Follow below instructions to set up spark on your machine.

Hadoop Installation on windows

1. Assuming your OS is windows, download and install Hadoop on windows. This may not be a fully functional Hadoop cluster but we are worried only about some libraries which spark will need later.
Download Hadoop-2.6.0.tar.gz  .
2. You dont need to install , all you need to do is uncompress (use 7 zip free utility on windows to uncompress .gz file) the .gz file to a directory on your machine, preferably c:/hadoop
3. Set up environment variables - Create HADOOP_HOME and point to directory where you uncompressed hadoop files in above step.
4. Modify path variable to add $HADOOP_HOME\bin

Creating a new env variable


Adding hadoop bin to path variable

  We do not need a working hadoop cluster on our laptop to work on spark, so the installation mentioned here will not work as a fully functional hadoop cluster.

Checking JAVA configuration on your machine

 1. Make sure java is available on your machine. Open a command prompt and type java -version and javac -version. If you have version above 1.7 we are good with this step. Else install Java JDK from oracle downloads



Spark Installation

1. Download spark from here. As of this writing latest build is Spark 1.5.1. Choose release 1.5.1 packaged pre-built for Hadoop 2.6



2. Uncompress  spark-1.4.1-bin-hadoop2.6.tgz file to a path on your machine, say c:/spark
3.Create a SPARK_HOME another environment variable pointing to the directory you unarchived
4. Append the path you uncompressed Spark to + \bin to your PATH environment variable (PATH=$PATH:$SPARK_HOME\bin)

With this much set up you should be able to try out spark using spark-shell , Spark-shell is a REPL(read evaluate print loop) for working with spark interactively.  To test it out
  • Open a command prompt and type spark-shell (spark-shell launches spark with scala prompt) , If you are a python enthusiast type pyspark to launch python shell



Spark context is default available as sc in spark-shell, you can try out sc.textFile and read a file to RDD
val myData=sc.textFile("File path")
myData.count()

Spark-shell is really useful to work interactively and learn basic things, but for better coding experience we may need to rely on a IDE. Let us install and use eclipse for same.

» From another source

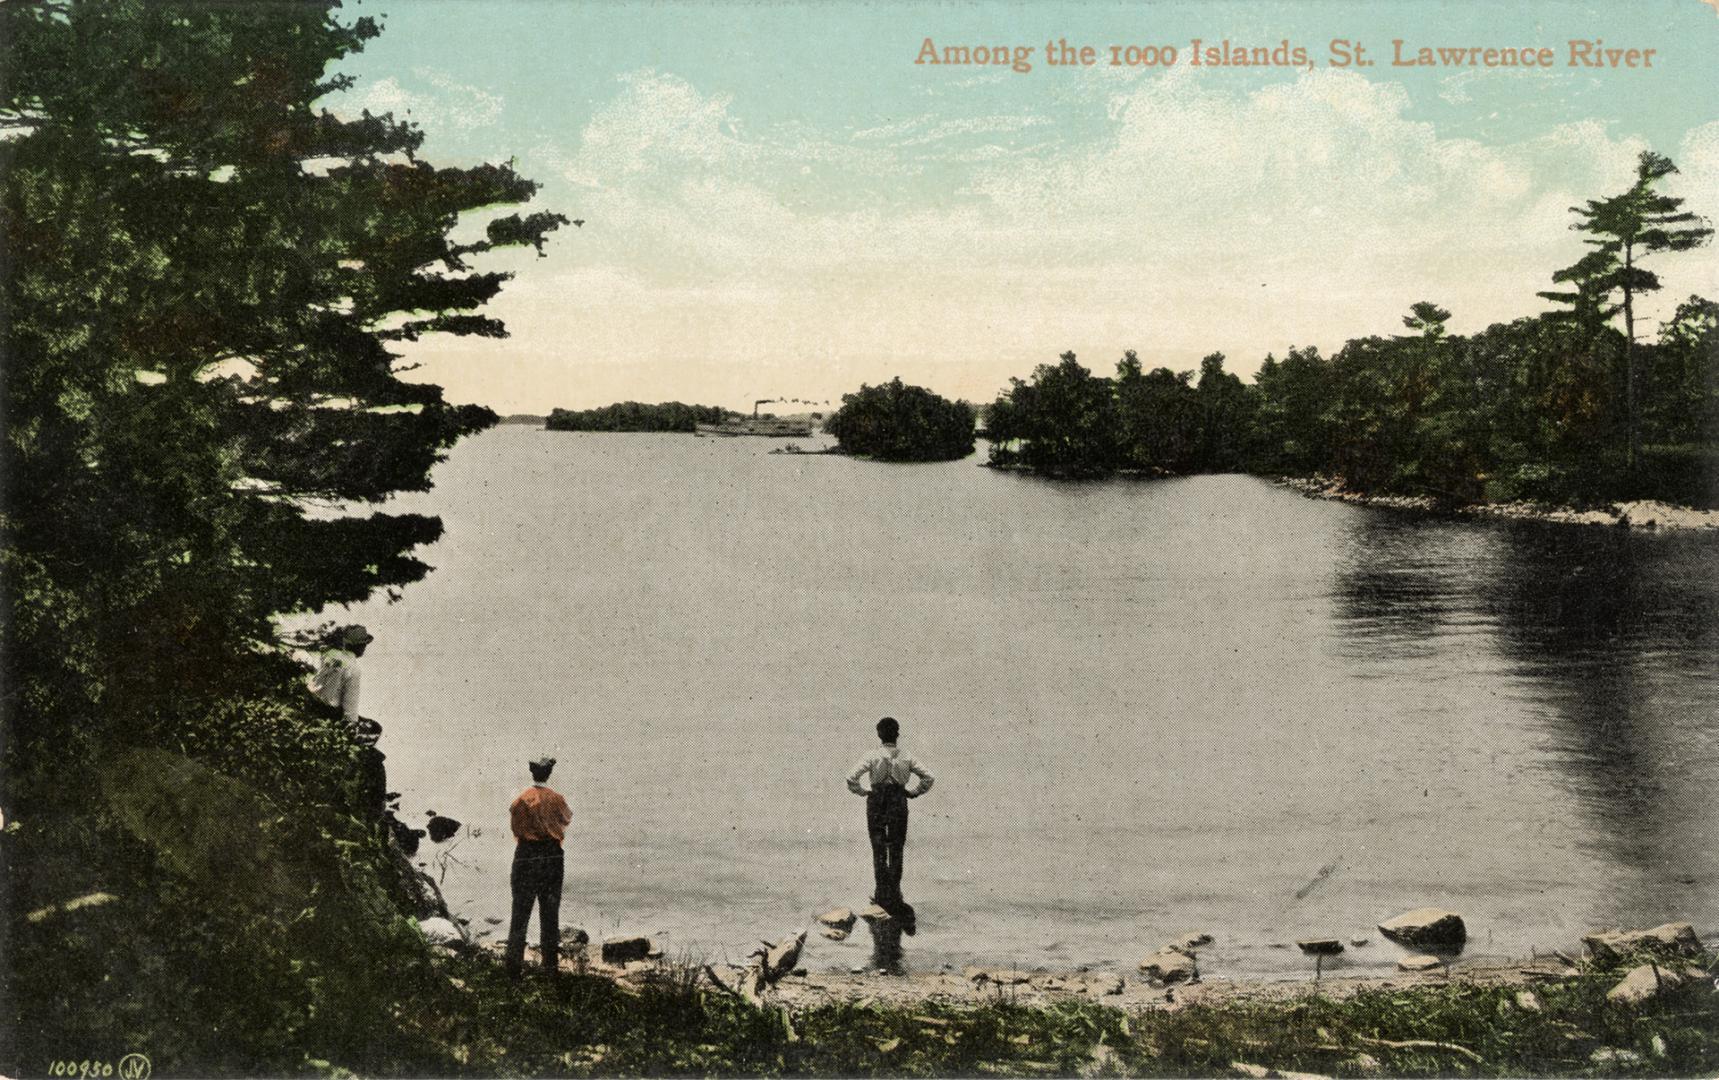 Two men standing on a shoreline watching a steam ship in the distance.

Setting up Eclipse for spark and scala

  • Download and install eclipse. In this blog I am using eclipse Mars
  •  Once eclipse is installed . Navigate to Help on menu bar and goto Eclipse market place. This is a single repository from where you can download and install plugins for eclipse.
  • On Marketplace search, type Scala and install the plugin

Set up Maven 

Maven is a build tool to package your code, deal with dependencies etc. We need to install maven 3.3 or greater to work with spark and scala.

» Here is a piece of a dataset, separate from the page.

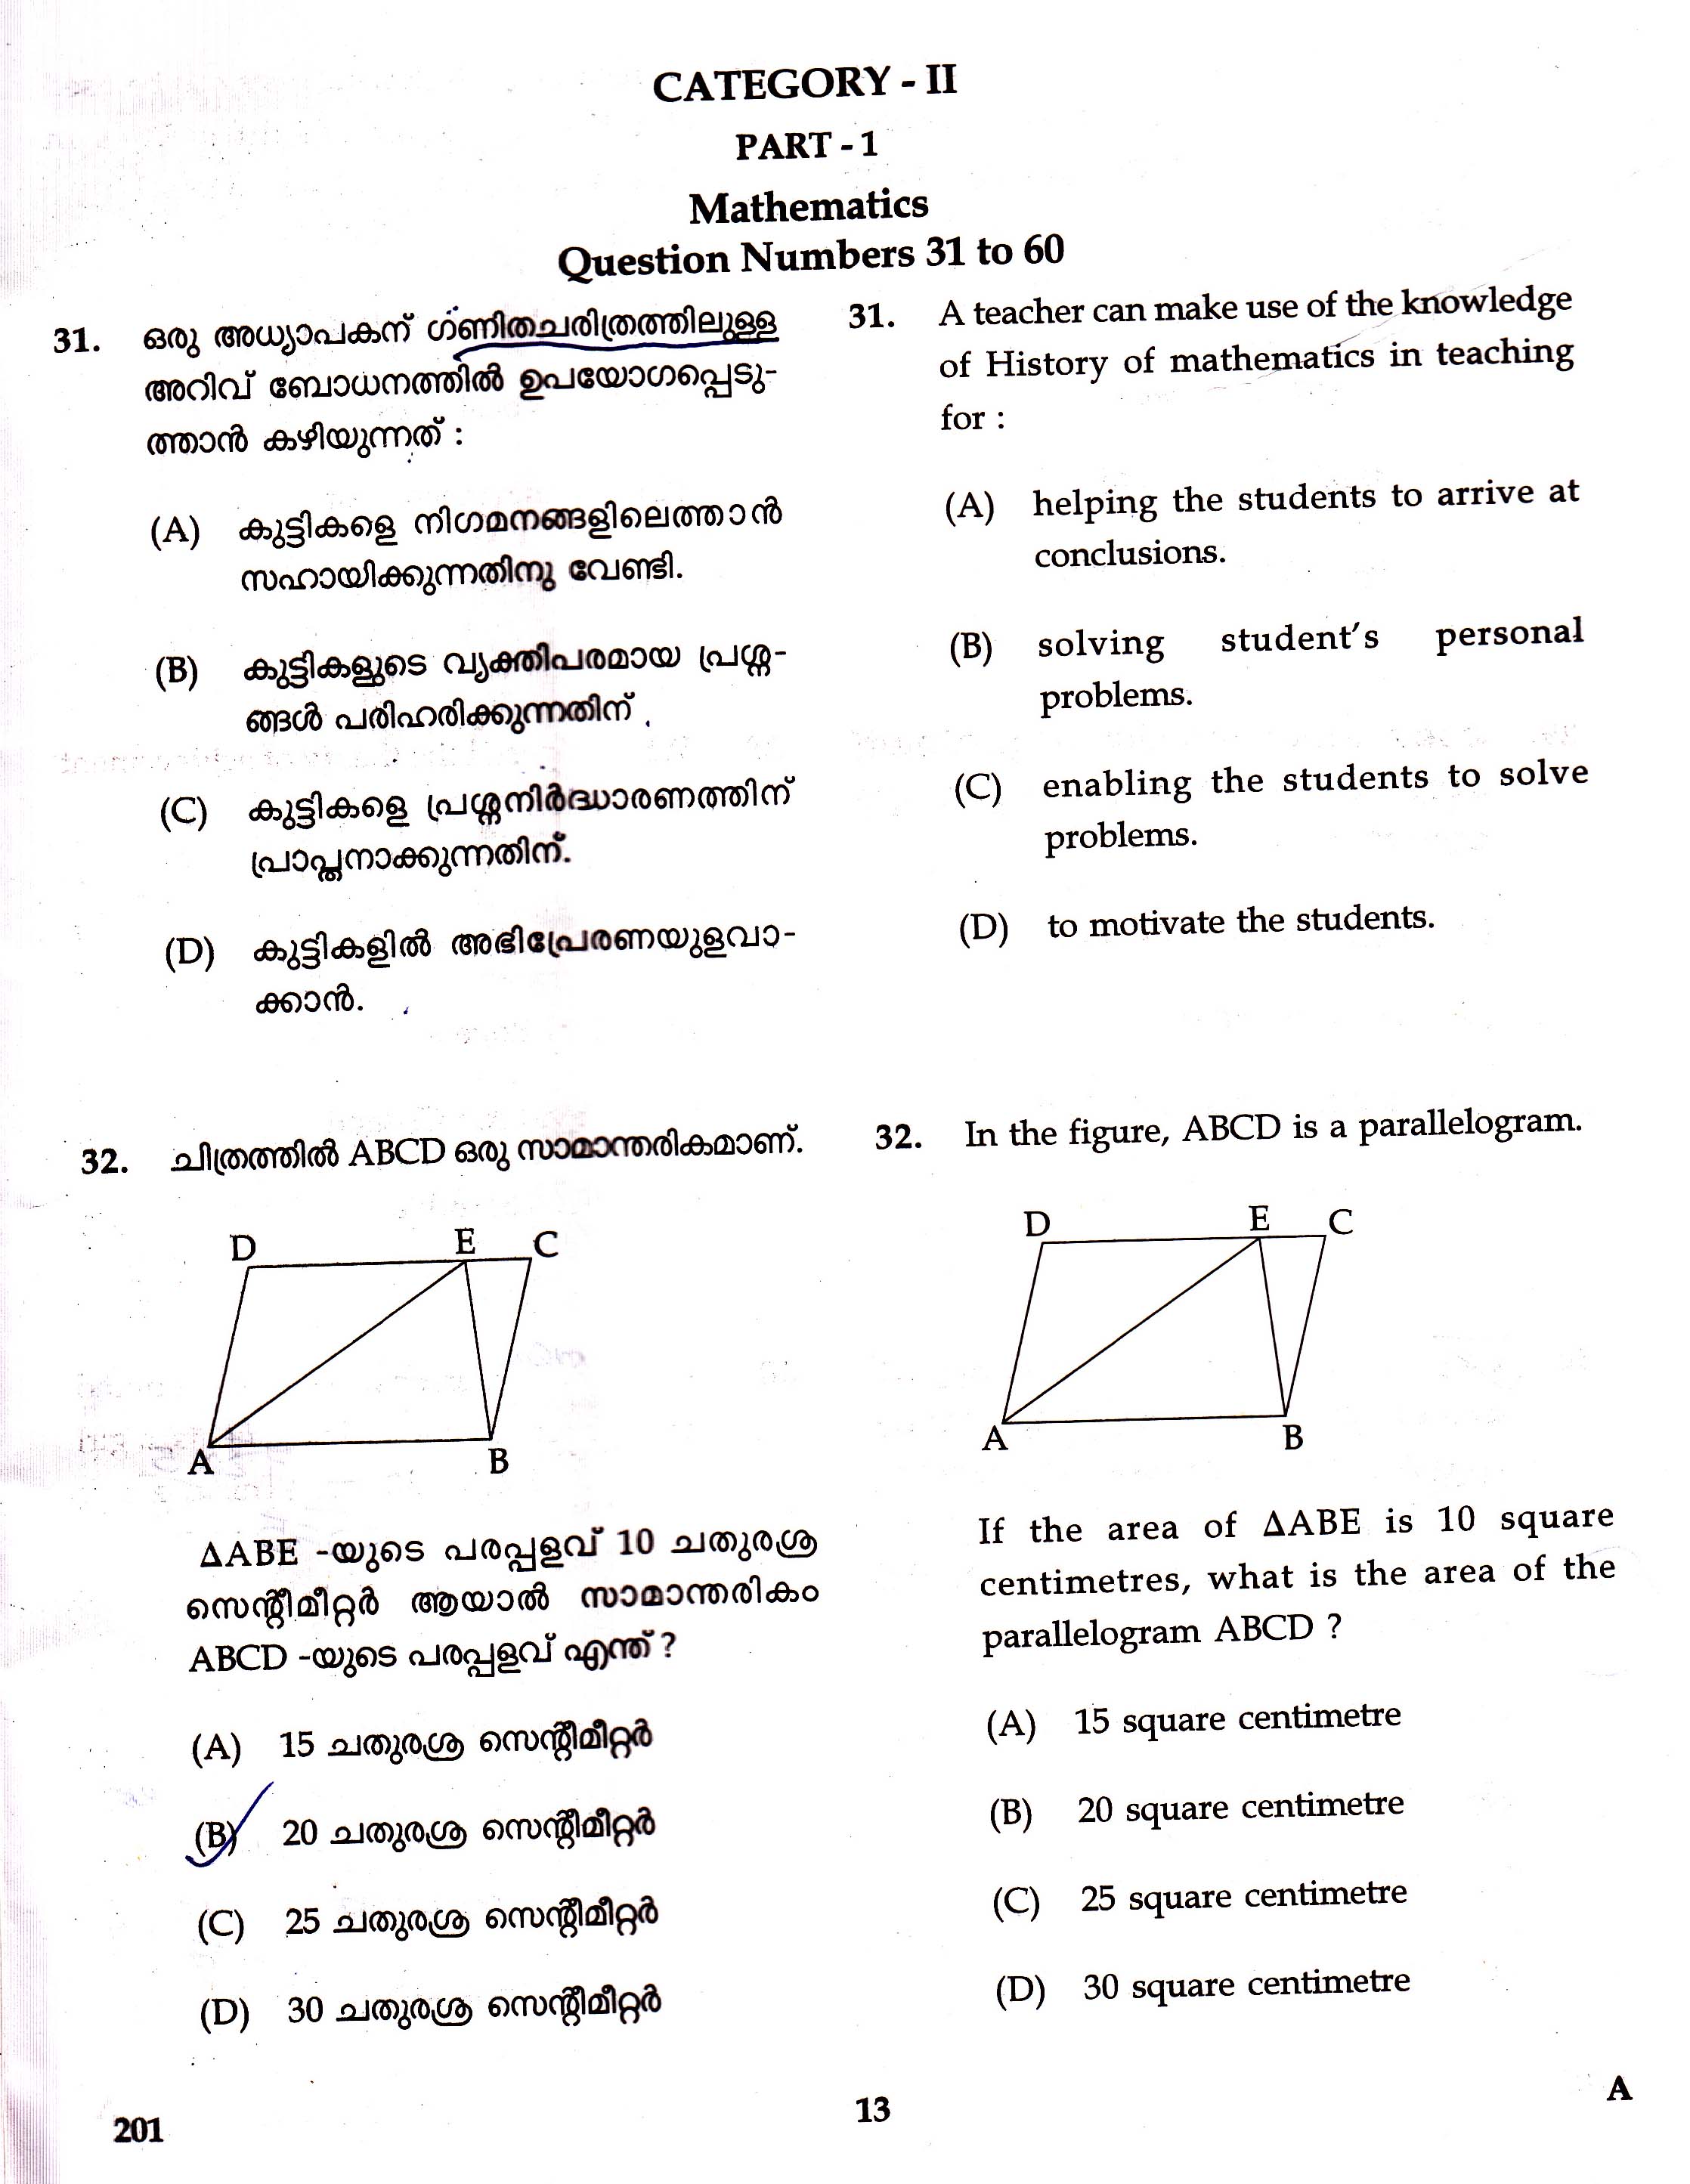 KTET Category II Part 1 Mathematics Question Paper with Answers August 2017 1

Just like above installations maven is also a binary download, no real installation is needed,  we just need to unpack it to a folder an set up a few environment variables.

  • Download Maven from downloads - apache-maven-3.3.9-bin.tar.gz
  •  Once maven is downloaded, unpack it to a folder in c: drive, say c:/Maven . You can have multiple version of Maven on your PC,  but for our spark application you will have to use Maven 3.3 or greater.
  • Set up a new environment variable called MAVEN_HOME and set the variable value to c:/Maven  . This is the directory you will see directories like bin, lib etc. Add $SCALA_HOME/bin to path variable









Maven help us with managing dependencies, most of the times Scala and Java program will need  external JAR (library) to work. Maven will download and manage all dependencies for us. We will see, how to add dependencies later in this blog when we start writing simple Spark program.

Install SCALA

Scala is a functional / Object oriented programming language. Spark code  can be done in Java/Scala or Python, If you are familiar with Java or Python this set up is optional.

  • Download scala from here . Version I am using is 2.10.4
  • Again Scala is a binary and we need to unpack files to a folder, c:/Scala and set up a new environment variable SCALA_HOME.
  • Add $SCALA_HOME/bin to PATH variable
  • Once done, check the version of Scala, open a commnad prompt and type Scala -version
 

With this step we are done with installation, now let us see how to write a simple spark program in eclipse.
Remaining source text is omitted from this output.